▸ **Supplied entries**:
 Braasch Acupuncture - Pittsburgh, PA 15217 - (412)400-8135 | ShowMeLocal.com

* * *

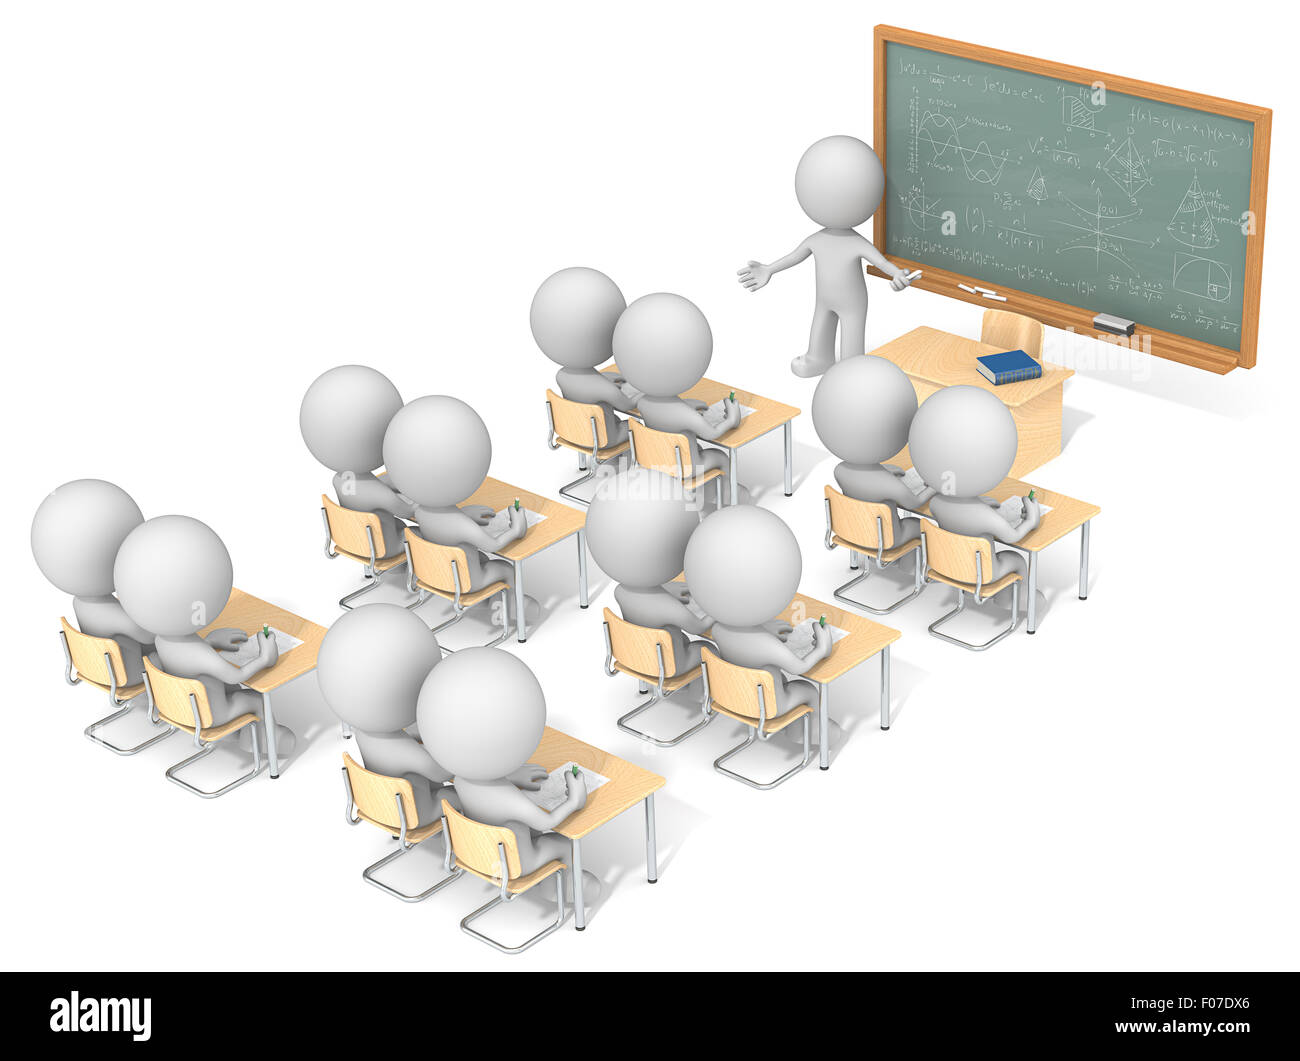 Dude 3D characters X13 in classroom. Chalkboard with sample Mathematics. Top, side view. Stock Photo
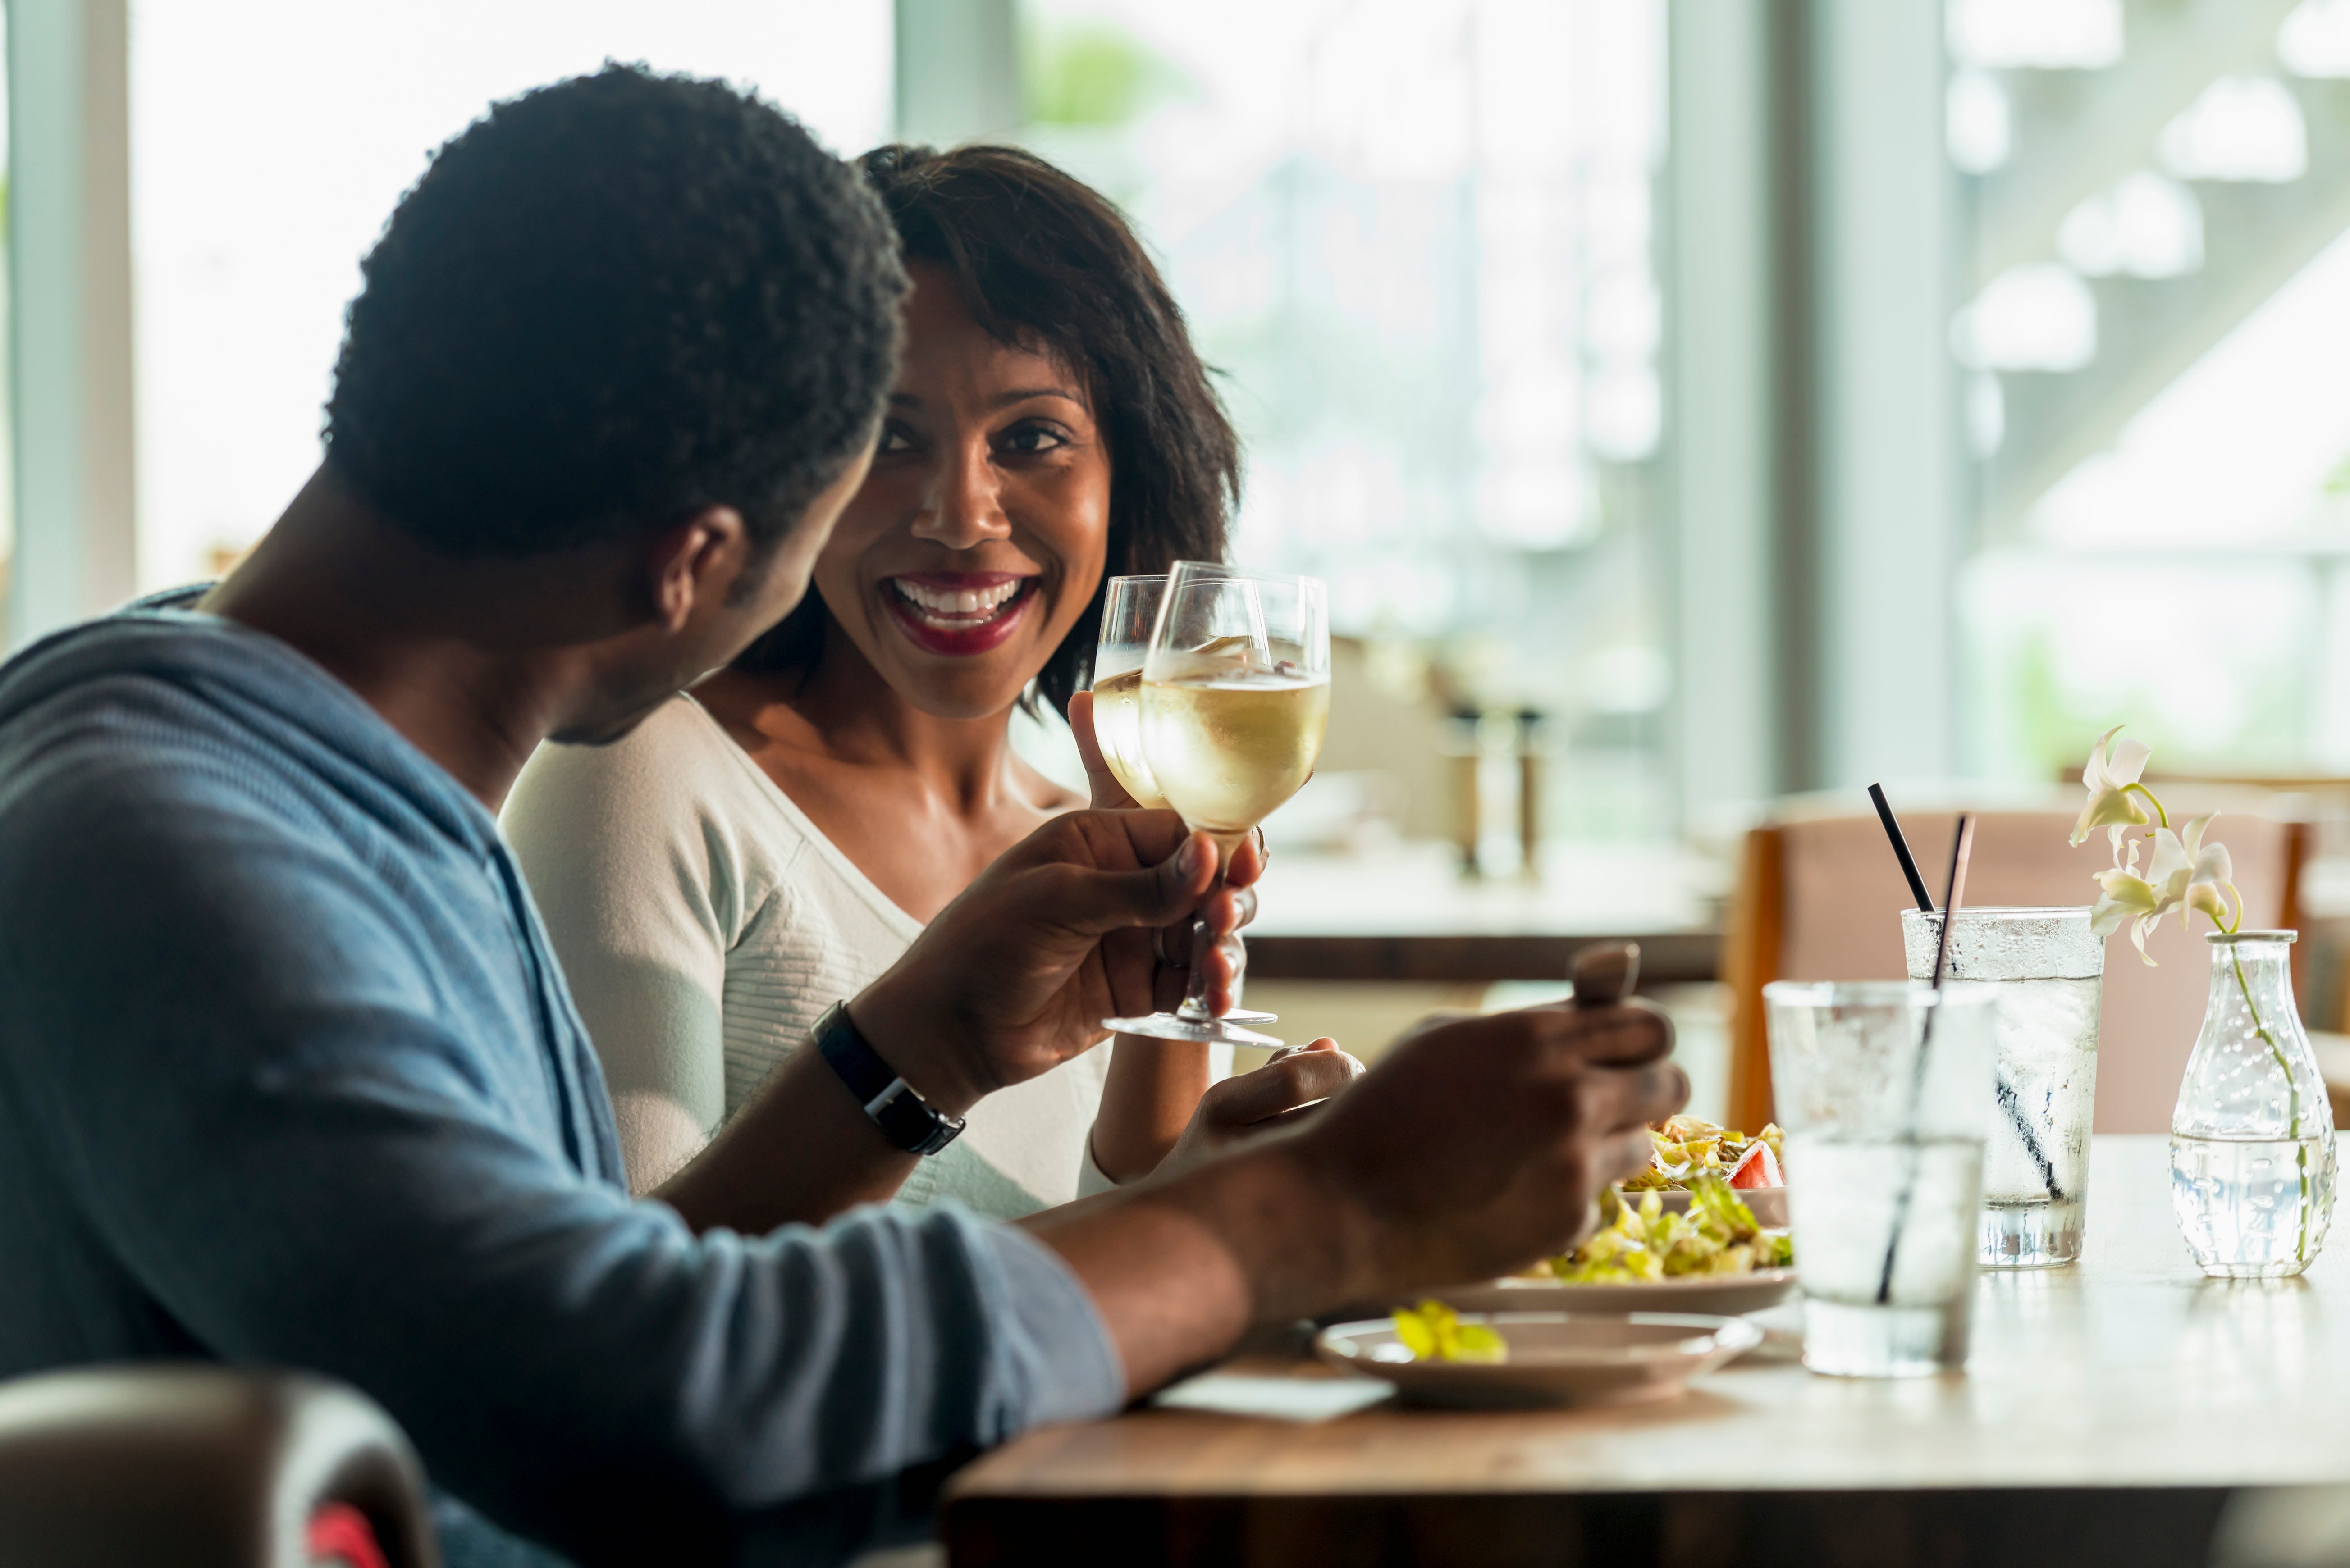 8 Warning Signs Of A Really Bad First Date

▸ **Task statement**:
Only one stretch of the listing above is to be duplicated: the lines from the one containing "Dude 3D characters" through the one containing "8 Warning Signs Of A Really Bad First Date", both included. Copy them exactly, minus the pictures.

▸ **Response box**:
 Dude 3D characters X13 in classroom. Chalkboard with sample Mathematics. Top, side view. Stock Photo
 8 Warning Signs Of A Really Bad First Date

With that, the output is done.